The BPFCC programme, CABRI’s second partnership with UNICEF after the ongoing programme on programme-based budgeting with UNICEF Algeria, will provide training using the Problem-Driven Iterative Adaptation (PDIA) approach to help determine: (1) local solutions to local problems; (2) how local teams of government officials are best placed to carry out reforms; (3) how to push positive deviance; (4) how to scale through diffusion; and (5) how to try, learn, iterate, and adapt. “It is evidenced that these trainings – using the PDIA approach, has allowed participants in the programme to determine what critical PFM issues impact their National Development Goals and find solutions through a well-defined, tangible and measurable problems solving tool that incentivises agents to take risks, question the status quo, create dialogue, and provide the basis to search for alternatives,” affirmed Soonsyra Lowe Nicolas, Acting Executive Secretary of CABRI in her opening remarks.

Danielle Serebro, Programme Manager at CABRI explained that when observing ‘form’ vs. ‘function’, “focus has been on modernising systems and introducing new best-practice policies rather than improving functional outcomes.” Various international bodies and governments have provided support for reform in Africa, reform ownership, hence, the PDIA approach.

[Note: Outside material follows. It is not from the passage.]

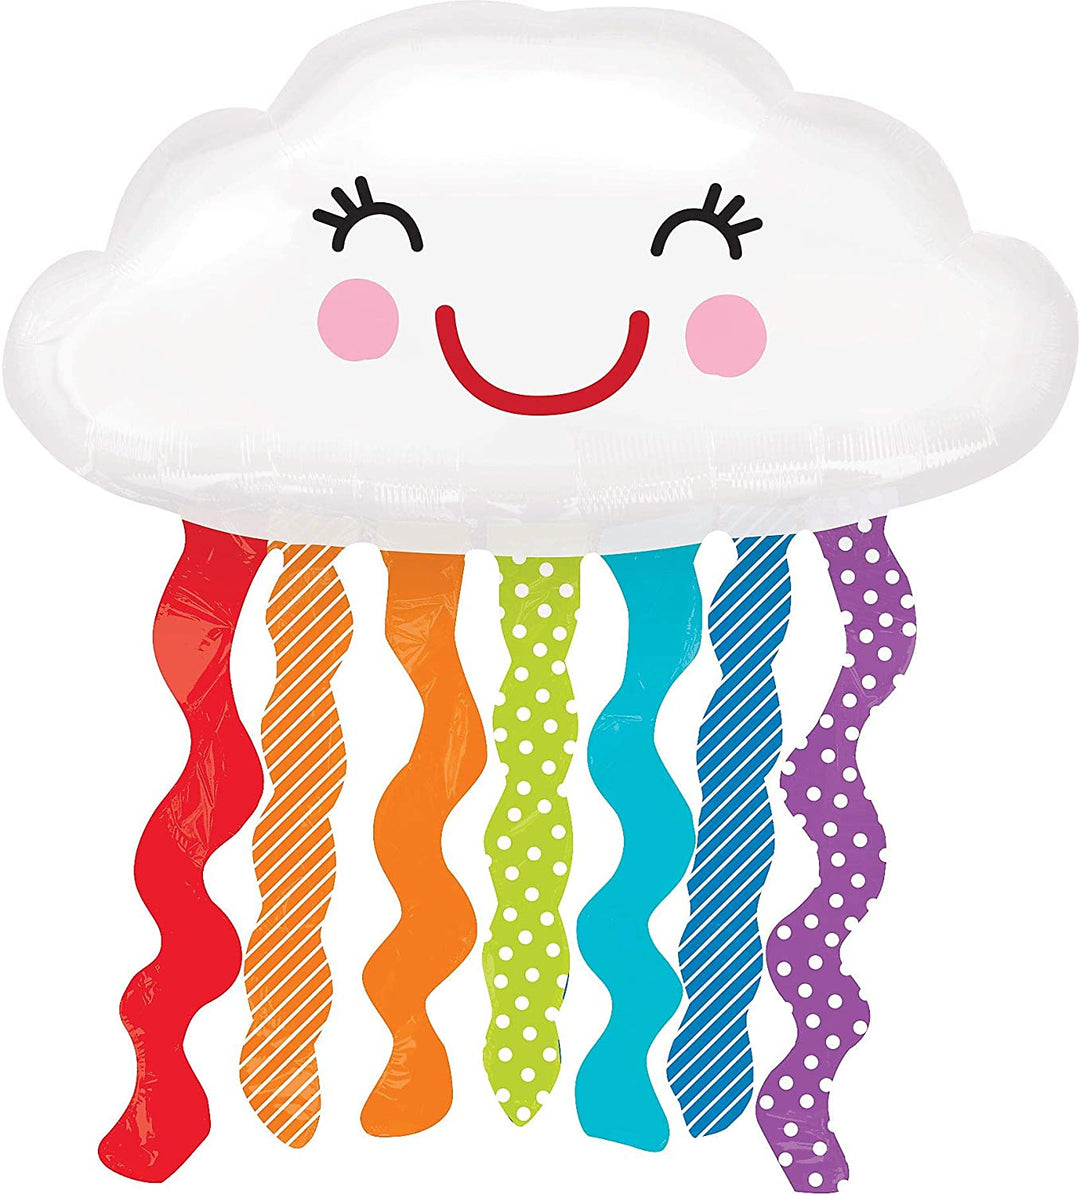 RAINBOW AND CLOUDS BALLOON Anagram Balloon Bonjour Fete - Party Supplies

The programme will therefore focus on tackling public finance problems in key social sectors that particularly affect children, such as education, nutrition, health, and social protection. As such, the country-teams will comprise of a mix of public finance officials from both the Ministry of finance, sector ministries and/or local government agencies of relevance to the problem identified. Potential public finance may range from planning and budgeting to execution whilst careful consideration will be taken to ongoing reform initiatives in the respective countries.